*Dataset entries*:

+--

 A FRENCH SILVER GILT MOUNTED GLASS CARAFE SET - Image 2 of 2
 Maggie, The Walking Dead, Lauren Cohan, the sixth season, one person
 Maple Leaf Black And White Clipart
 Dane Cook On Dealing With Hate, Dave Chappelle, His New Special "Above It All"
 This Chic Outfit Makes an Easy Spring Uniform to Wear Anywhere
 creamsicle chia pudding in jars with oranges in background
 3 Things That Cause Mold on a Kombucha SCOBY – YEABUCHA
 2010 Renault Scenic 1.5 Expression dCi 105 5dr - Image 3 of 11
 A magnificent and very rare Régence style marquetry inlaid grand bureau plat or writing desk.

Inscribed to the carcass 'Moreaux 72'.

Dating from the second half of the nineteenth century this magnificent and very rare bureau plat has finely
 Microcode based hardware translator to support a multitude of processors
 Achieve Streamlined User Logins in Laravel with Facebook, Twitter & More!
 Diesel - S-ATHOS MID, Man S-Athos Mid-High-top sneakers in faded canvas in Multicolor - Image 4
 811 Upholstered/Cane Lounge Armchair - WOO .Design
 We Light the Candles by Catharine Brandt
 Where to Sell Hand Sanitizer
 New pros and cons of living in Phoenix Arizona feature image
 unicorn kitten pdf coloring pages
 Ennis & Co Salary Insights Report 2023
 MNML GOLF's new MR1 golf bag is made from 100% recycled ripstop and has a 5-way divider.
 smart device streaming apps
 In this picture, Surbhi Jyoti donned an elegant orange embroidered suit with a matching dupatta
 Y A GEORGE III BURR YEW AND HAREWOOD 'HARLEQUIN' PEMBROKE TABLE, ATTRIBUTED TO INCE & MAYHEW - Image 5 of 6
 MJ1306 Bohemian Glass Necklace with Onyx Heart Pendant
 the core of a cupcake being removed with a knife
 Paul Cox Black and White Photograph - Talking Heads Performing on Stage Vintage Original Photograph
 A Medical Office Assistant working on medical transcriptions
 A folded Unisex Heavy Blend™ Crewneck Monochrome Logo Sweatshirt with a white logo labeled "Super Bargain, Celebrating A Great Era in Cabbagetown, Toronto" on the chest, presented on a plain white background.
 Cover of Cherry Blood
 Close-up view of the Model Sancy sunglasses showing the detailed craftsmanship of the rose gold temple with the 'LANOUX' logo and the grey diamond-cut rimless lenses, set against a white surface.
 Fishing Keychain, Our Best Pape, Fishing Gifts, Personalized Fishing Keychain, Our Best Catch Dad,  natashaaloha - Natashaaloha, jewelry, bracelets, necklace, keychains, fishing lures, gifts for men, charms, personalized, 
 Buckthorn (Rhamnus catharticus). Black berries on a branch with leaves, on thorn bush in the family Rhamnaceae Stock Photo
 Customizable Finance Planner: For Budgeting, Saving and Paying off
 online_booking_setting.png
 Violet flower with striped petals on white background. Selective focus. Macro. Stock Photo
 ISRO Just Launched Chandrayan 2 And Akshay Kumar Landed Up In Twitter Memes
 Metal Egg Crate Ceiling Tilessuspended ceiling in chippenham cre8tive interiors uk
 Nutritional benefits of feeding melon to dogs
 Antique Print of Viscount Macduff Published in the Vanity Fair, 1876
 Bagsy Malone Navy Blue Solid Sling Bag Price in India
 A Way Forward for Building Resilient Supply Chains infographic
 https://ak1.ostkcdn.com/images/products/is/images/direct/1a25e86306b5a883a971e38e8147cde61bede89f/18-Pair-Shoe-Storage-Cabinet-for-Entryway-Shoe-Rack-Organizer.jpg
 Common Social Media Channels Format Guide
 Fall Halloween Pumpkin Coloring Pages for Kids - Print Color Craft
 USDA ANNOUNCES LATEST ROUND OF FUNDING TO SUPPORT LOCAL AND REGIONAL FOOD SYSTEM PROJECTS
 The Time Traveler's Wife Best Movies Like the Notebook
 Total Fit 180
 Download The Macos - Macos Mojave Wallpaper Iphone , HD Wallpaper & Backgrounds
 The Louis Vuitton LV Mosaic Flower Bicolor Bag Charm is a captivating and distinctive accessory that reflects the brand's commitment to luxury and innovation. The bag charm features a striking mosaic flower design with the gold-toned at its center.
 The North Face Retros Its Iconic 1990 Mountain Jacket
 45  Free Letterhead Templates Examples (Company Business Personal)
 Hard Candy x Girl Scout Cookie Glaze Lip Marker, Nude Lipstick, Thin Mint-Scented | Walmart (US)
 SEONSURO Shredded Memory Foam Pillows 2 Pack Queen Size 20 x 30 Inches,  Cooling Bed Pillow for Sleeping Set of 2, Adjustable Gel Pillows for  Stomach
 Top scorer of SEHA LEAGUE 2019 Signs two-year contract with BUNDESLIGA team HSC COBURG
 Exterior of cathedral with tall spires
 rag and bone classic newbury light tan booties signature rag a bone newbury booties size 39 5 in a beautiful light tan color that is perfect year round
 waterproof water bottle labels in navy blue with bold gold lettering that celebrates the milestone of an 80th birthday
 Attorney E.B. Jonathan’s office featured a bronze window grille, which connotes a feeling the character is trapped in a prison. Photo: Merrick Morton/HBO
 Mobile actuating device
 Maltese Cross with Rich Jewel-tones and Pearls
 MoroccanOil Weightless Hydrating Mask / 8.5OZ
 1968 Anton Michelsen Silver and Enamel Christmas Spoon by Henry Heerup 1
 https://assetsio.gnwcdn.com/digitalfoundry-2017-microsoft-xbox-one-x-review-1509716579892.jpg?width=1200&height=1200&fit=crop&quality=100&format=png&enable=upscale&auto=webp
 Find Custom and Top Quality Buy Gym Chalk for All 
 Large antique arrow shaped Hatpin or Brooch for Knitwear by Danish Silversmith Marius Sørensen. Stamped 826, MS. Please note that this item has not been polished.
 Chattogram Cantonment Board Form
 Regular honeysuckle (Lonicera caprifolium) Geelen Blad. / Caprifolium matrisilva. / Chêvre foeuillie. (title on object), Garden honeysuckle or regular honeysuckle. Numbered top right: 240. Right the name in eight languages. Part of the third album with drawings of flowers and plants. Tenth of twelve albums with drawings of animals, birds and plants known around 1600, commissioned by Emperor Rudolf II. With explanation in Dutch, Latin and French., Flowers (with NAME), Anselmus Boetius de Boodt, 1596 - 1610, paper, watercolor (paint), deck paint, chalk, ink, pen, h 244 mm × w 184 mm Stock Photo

+--

*What the exercise asks*:
Look through the entries for the string "year". Every line that has it belongs in the answer.

*Your solution*:
 Top scorer of SEHA LEAGUE 2019 Signs two-year contract with BUNDESLIGA team HSC COBURG
 rag and bone classic newbury light tan booties signature rag a bone newbury booties size 39 5 in a beautiful light tan color that is perfect year round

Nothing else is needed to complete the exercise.